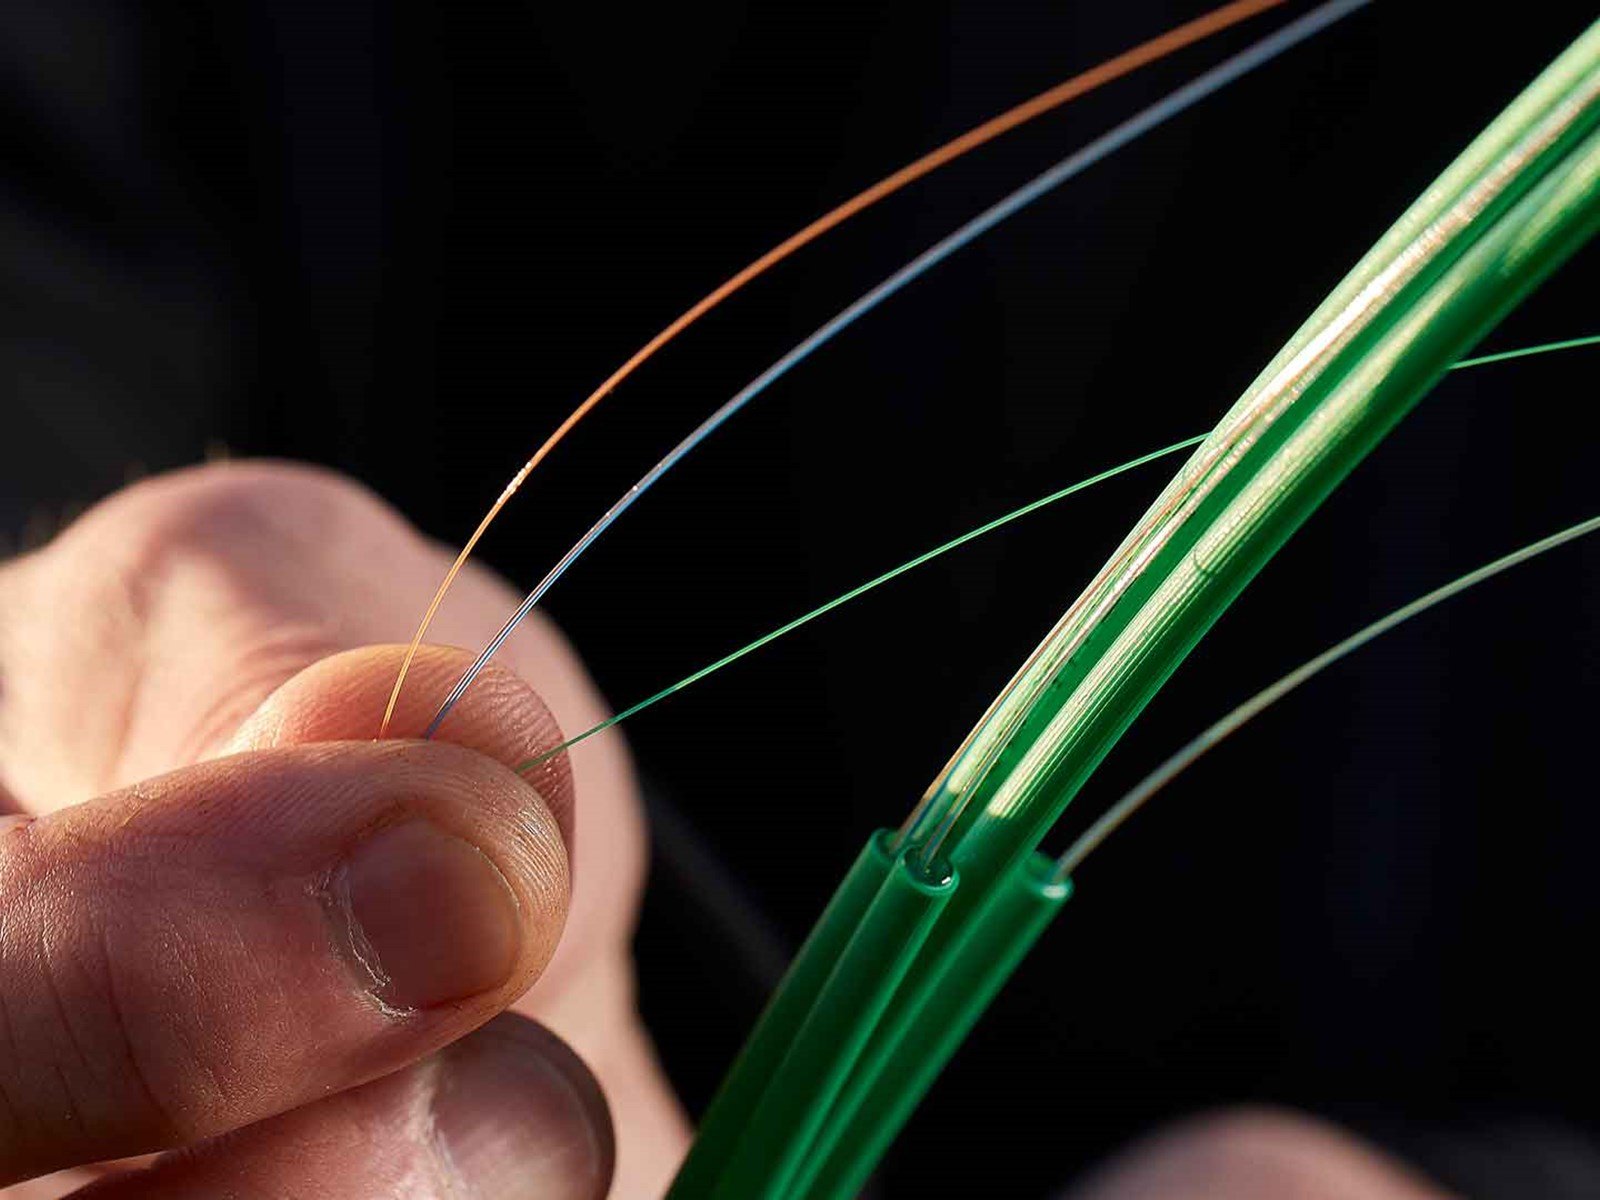 Hånd holder fibernet kabel. Hvad er fibernet egentlig? Og hvad er et lyslederkabel? Bliv klogere på fibernet og forskellen på fibernet og bredbånd her.
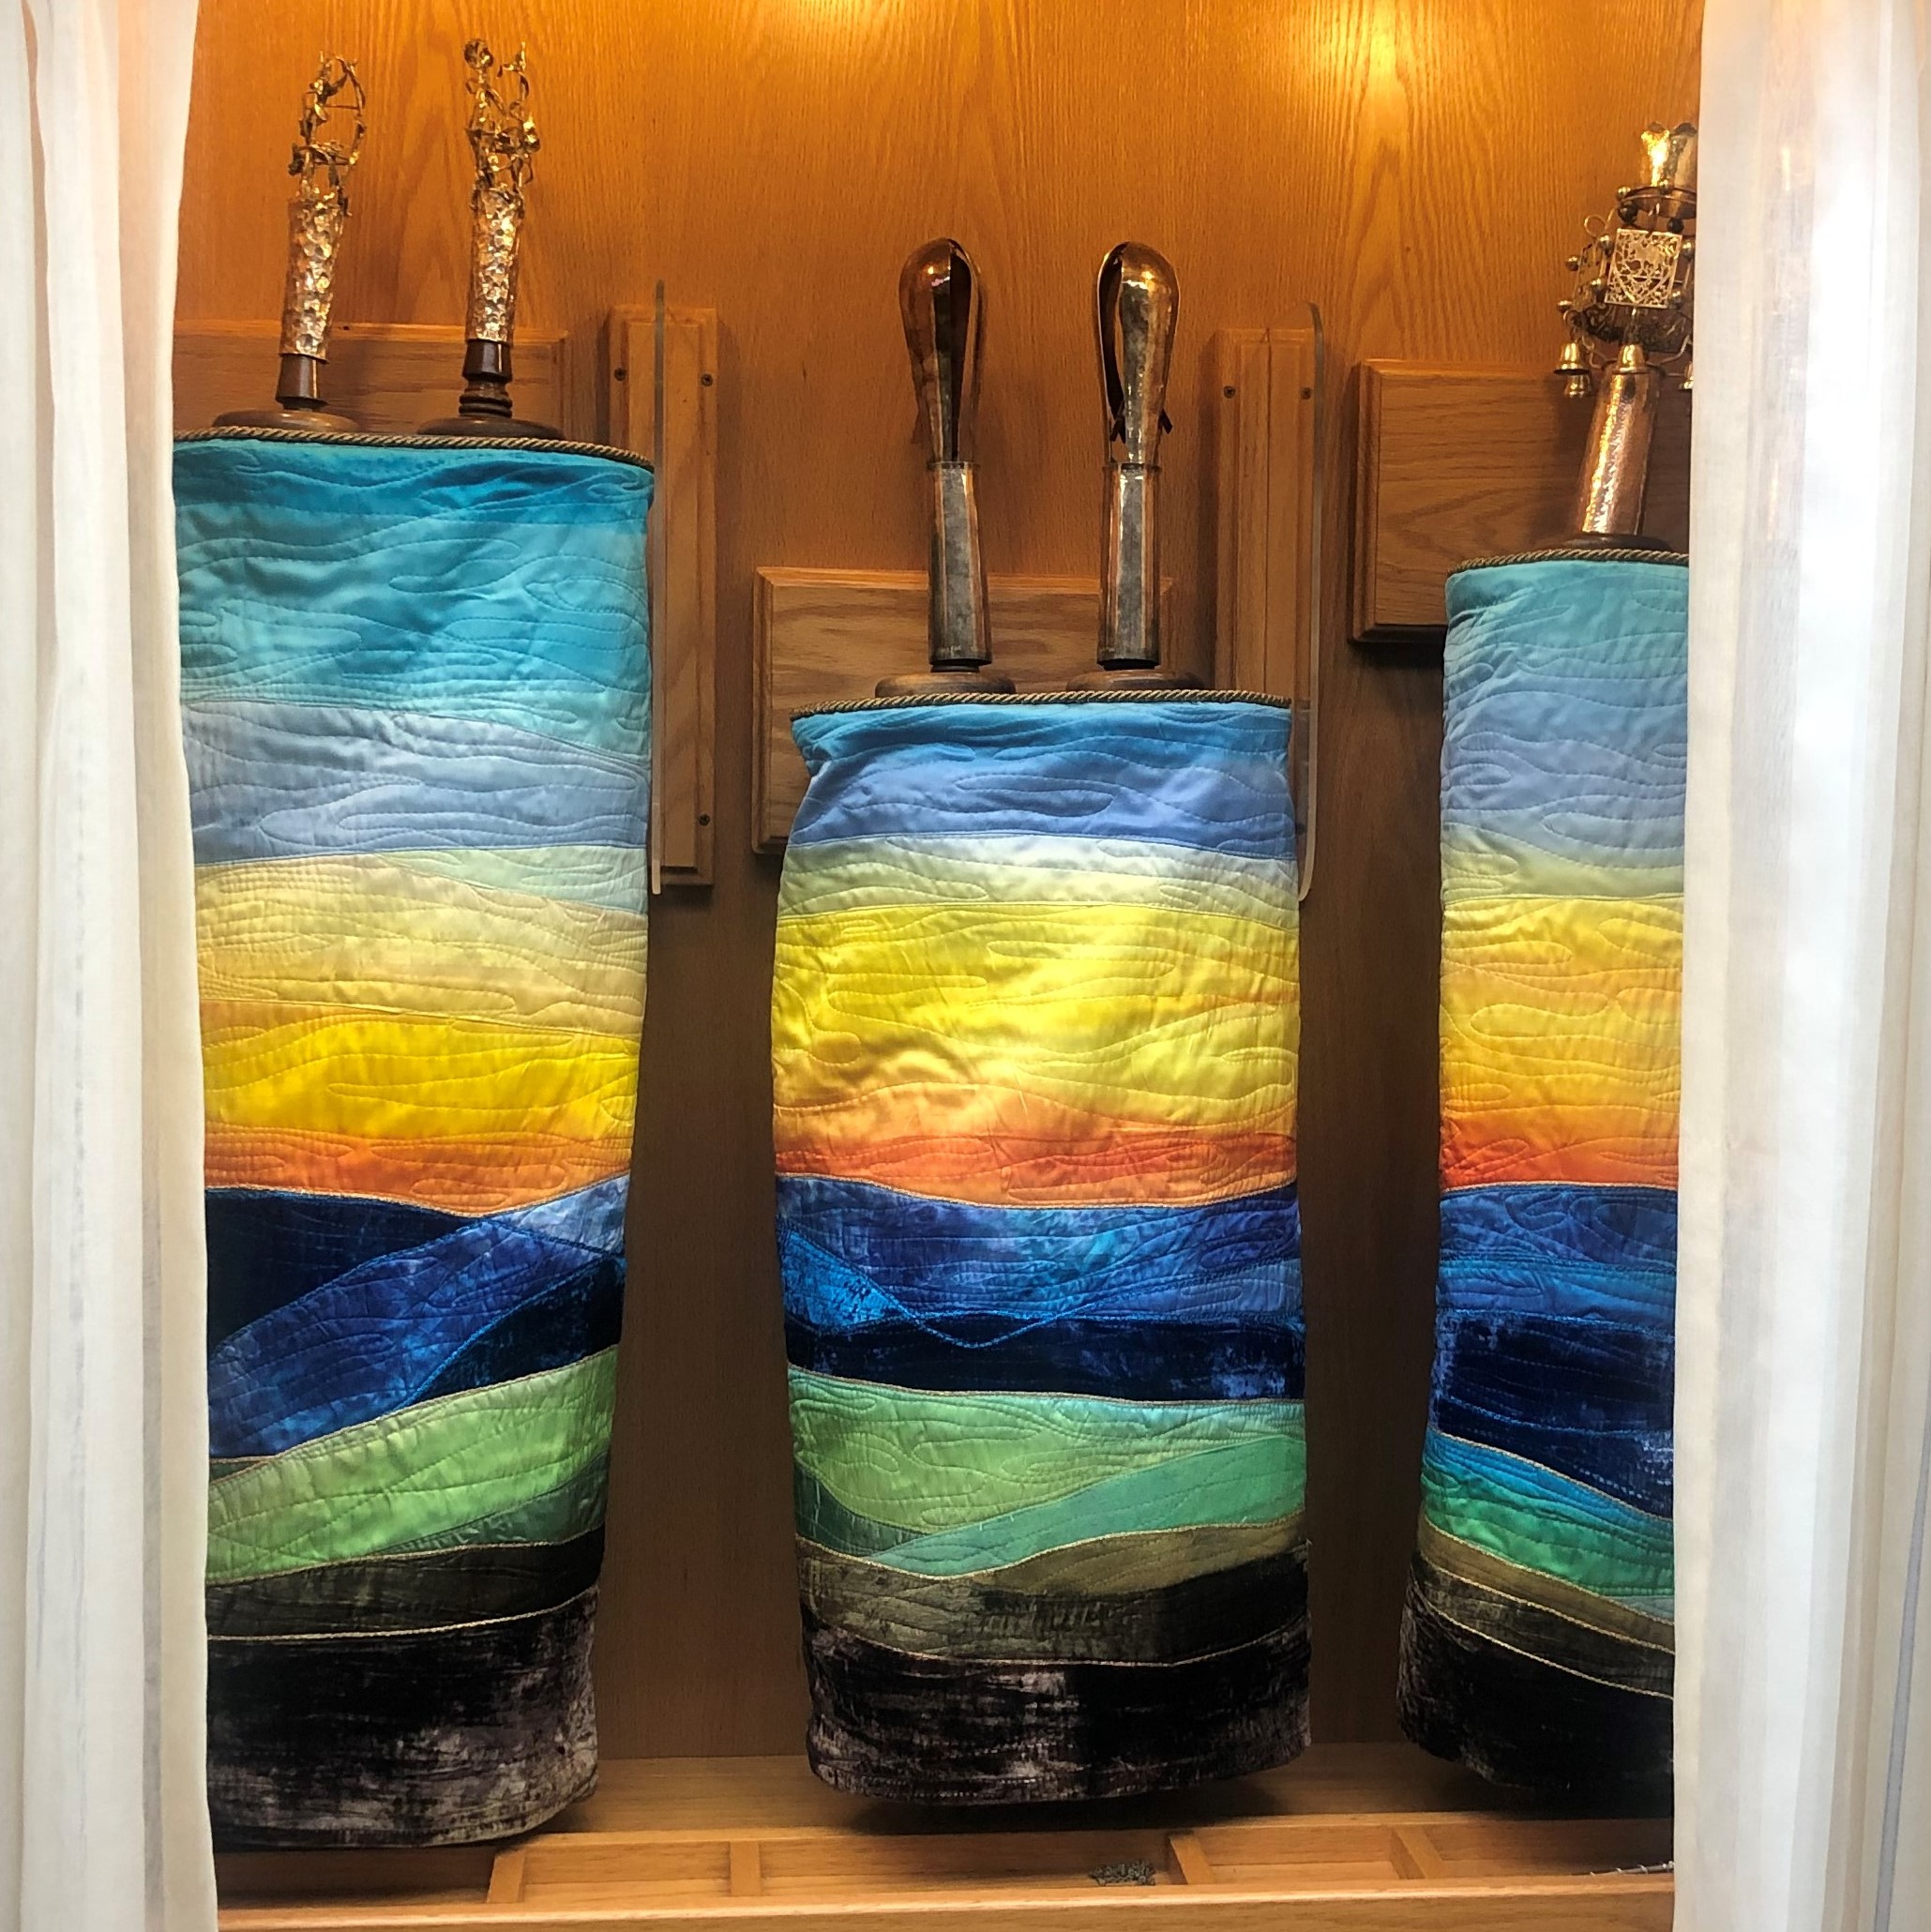 New Torah Mantles at Temple Emanuel!
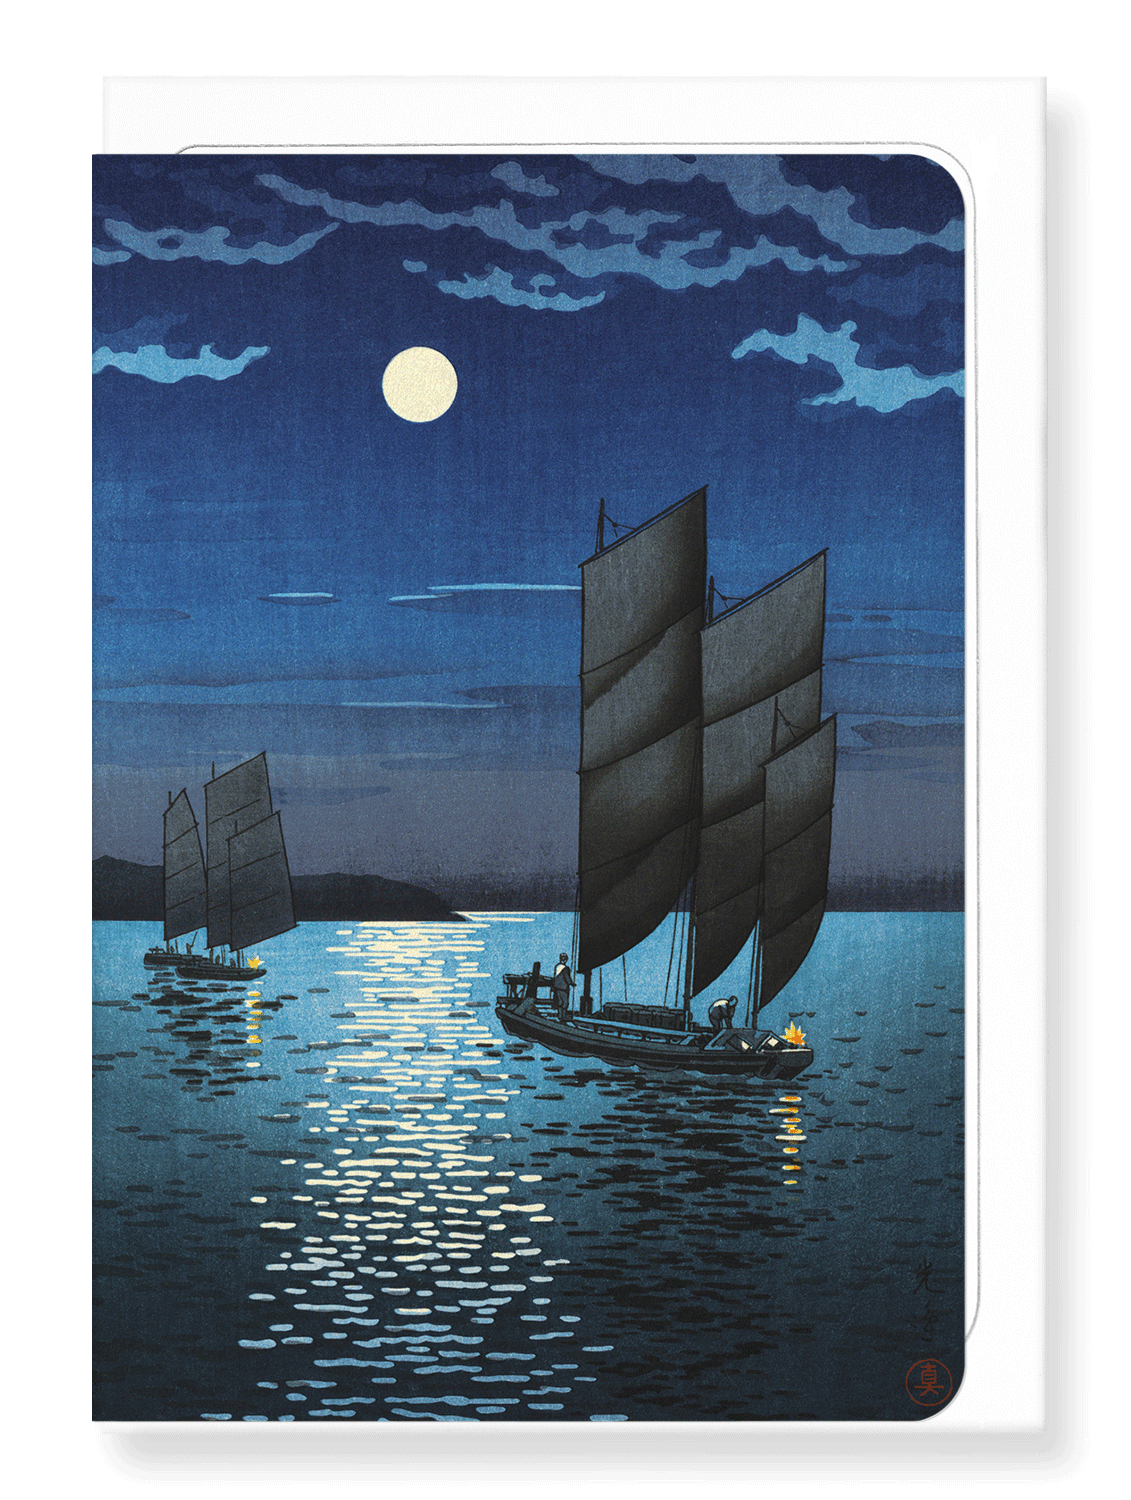 Ezen Designs - Boats at shinagawa night - Greeting Card - Front
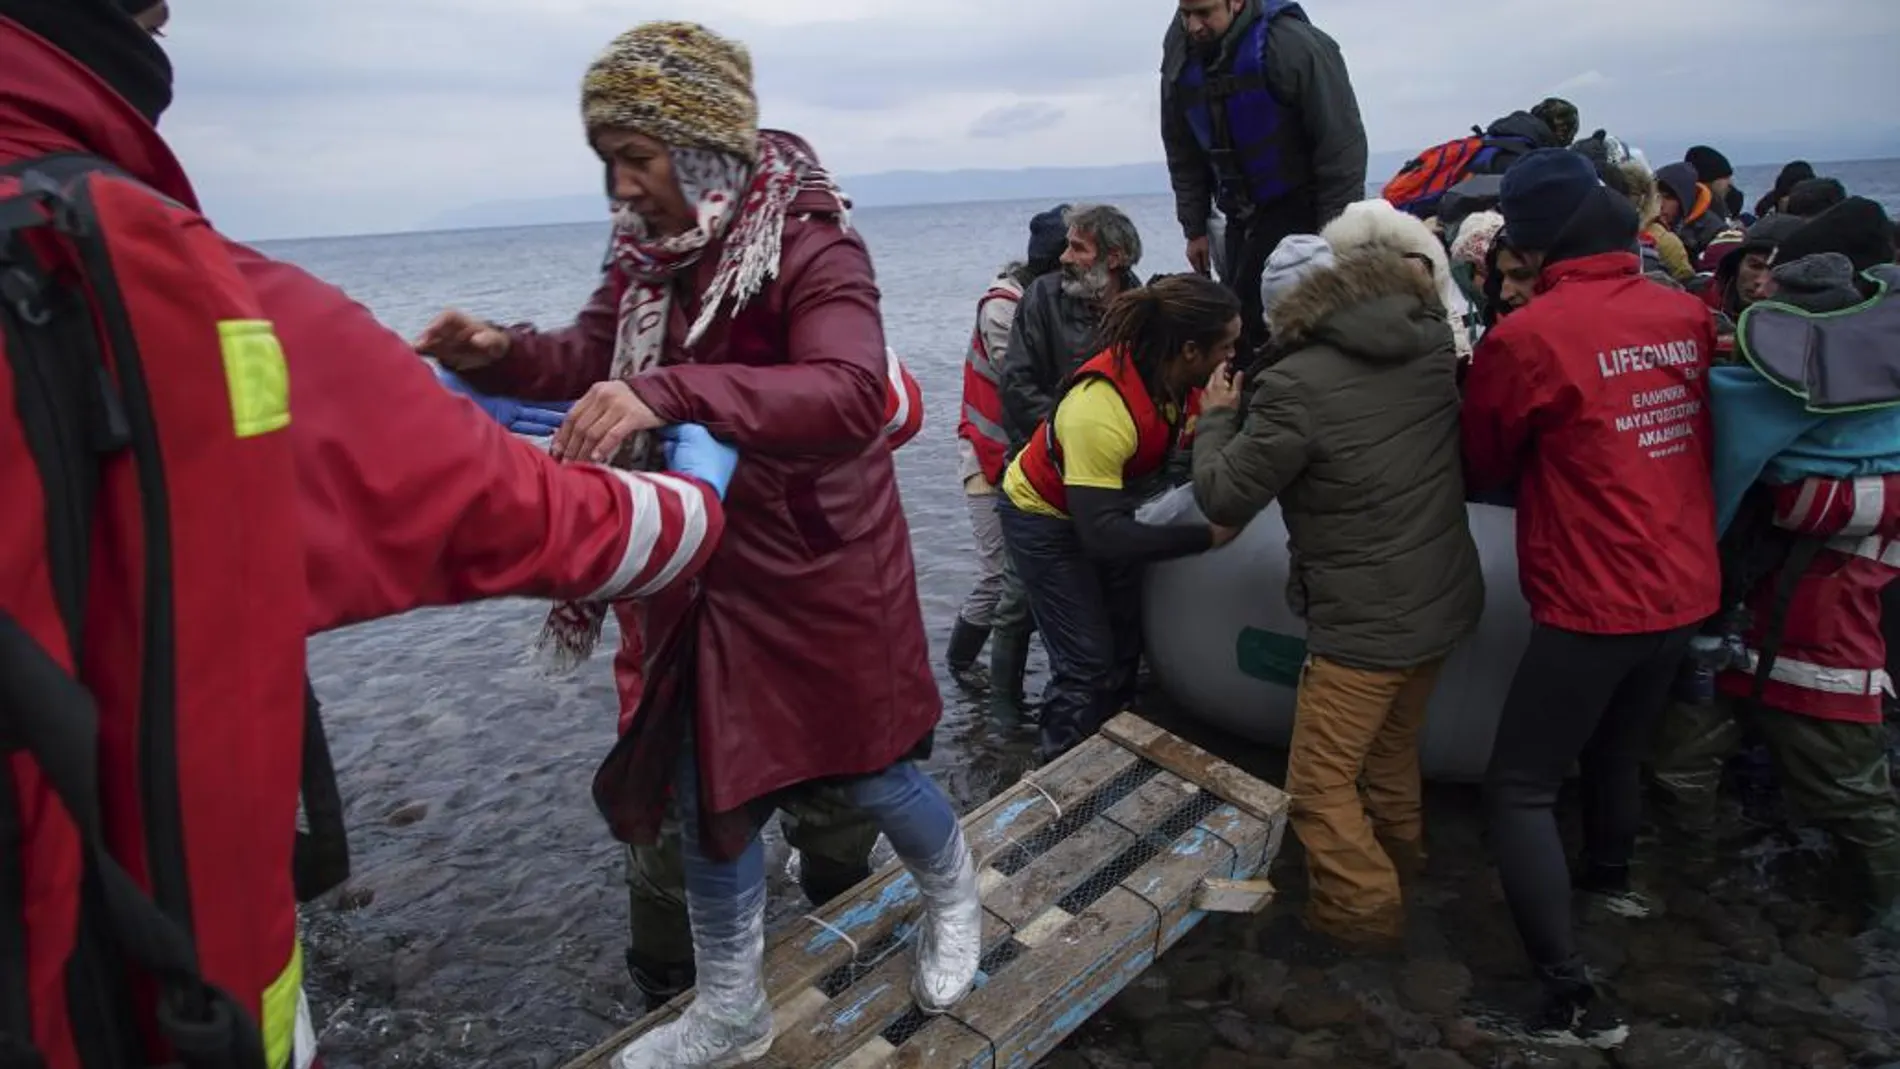 Los voluntarios ayudan a grupo de refugiados llegados a las costas griegas desde Turquía.
========
__AIM OF THE EXERCISE__. Repeat the listing verbatim. Skip the pictures.

__TASK OUTPUT__.
 Hånd holder fibernet kabel. Hvad er fibernet egentlig? Og hvad er et lyslederkabel? Bliv klogere på fibernet og forskellen på fibernet og bredbånd her.
 New Torah Mantles at Temple Emanuel!
 Ezen Designs - Boats at shinagawa night - Greeting Card - Front
 Los voluntarios ayudan a grupo de refugiados llegados a las costas griegas desde Turquía.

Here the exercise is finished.